Free tank and stand. Can't beat that.


----------



## THE BLACK PIRANHA (Dec 8, 2003)

Sweet deal


----------



## ArttyFish (May 21, 2008)

That's sick, how big of a rhom you putting in tank??


----------



## Ba20 (Jan 29, 2003)

You can buy the waterproof vinyl sheets from Lowes or Home Depot, cut and glue them to the top.


----------



## Piranha-Freak101 (Dec 8, 2010)

Man why cant anyone give me a 168gl, nice pick up and i approve of spray paint it worked perfect on my tank


----------



## HGI (Oct 27, 2009)

Nice score, though since it was free I'd be a little worried about the seal and would probably reseal it before filling it up.


----------



## chrscap (Feb 16, 2007)

Thanks for the tip Ba20, ill look into it.
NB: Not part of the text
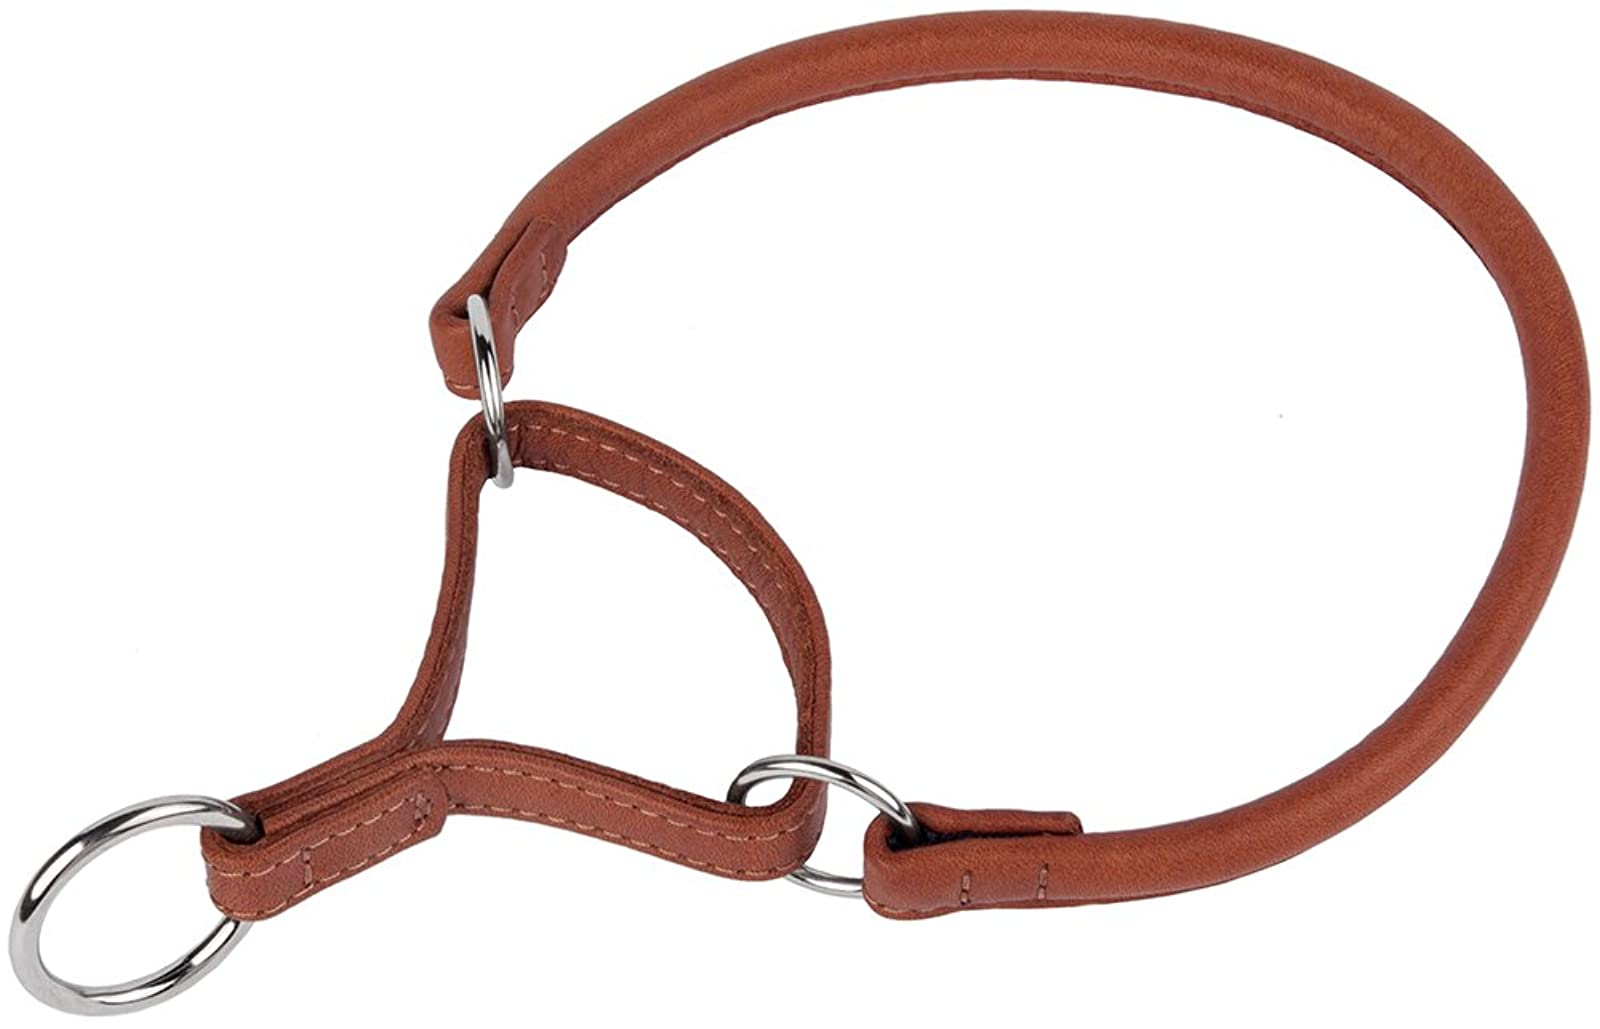 CollarDirect Rolled Martingale Dog Collar Training Genuine - 1
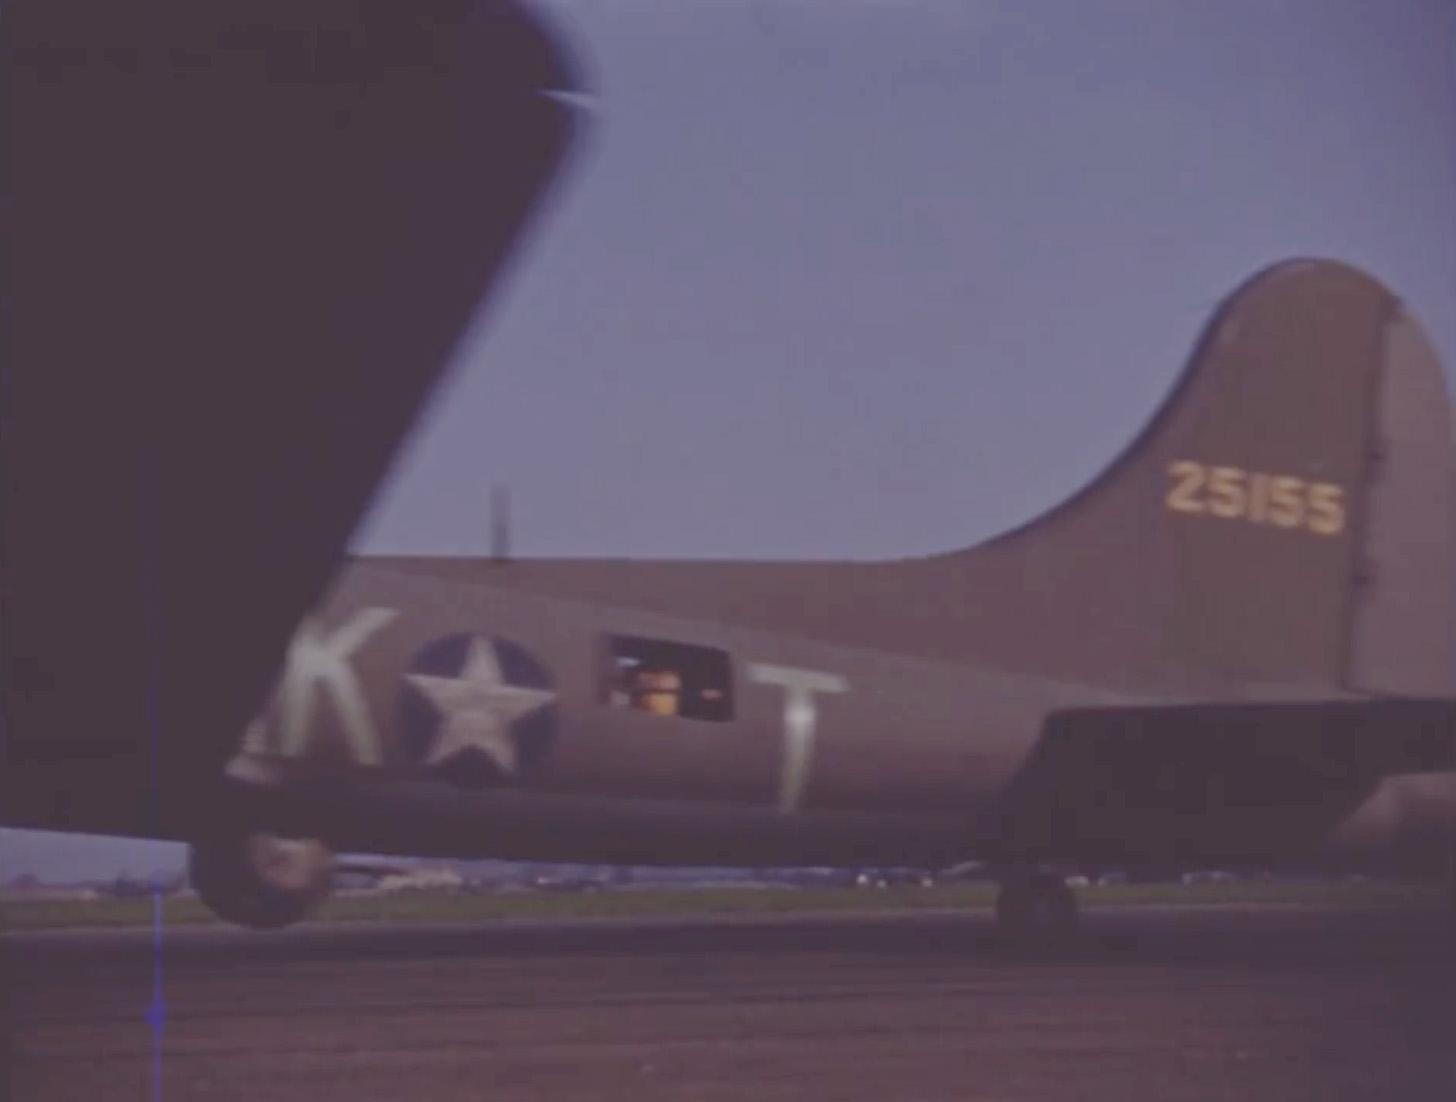 B-17 #42-5155

Do you think it will put a clean flat surface?

I plan to put a 15+ inch rhom in with a large schoal of neons.


----------



## Sanjo Eel (Aug 21, 2008)

Nice pickup!


----------



## the_w8 (Jul 28, 2003)

nice grab man...make sure the silicone is good on the inside of the tank too.


----------



## chrscap (Feb 16, 2007)

Thanks everyone,

BTW, the Damage picture is just a sample of what the damage look like, there are a few around the stand. The one pictured has the biggest damage but can be covered with the tank









Its overall dirty but can be looking clean with just water alone. The tank was just taken down about a month or 2 ago but I will test for leaks after cleaning.


----------



## chrscap (Feb 16, 2007)

Looks like I will have to strip all exterior, repair, prime and paint


----------



## HGI (Oct 27, 2009)

It might not leak now but since it's empty it would be painless and safe to reseal it since you don't actually know how old the tank is or do you?


----------



## Ba20 (Jan 29, 2003)

chrscap said:


> Thanks for the tip Ba20, ill look into it. Do you think it will put a clean flat surface?
> 
> I plan to put a 15+ inch rhom in with a large schoal of neons.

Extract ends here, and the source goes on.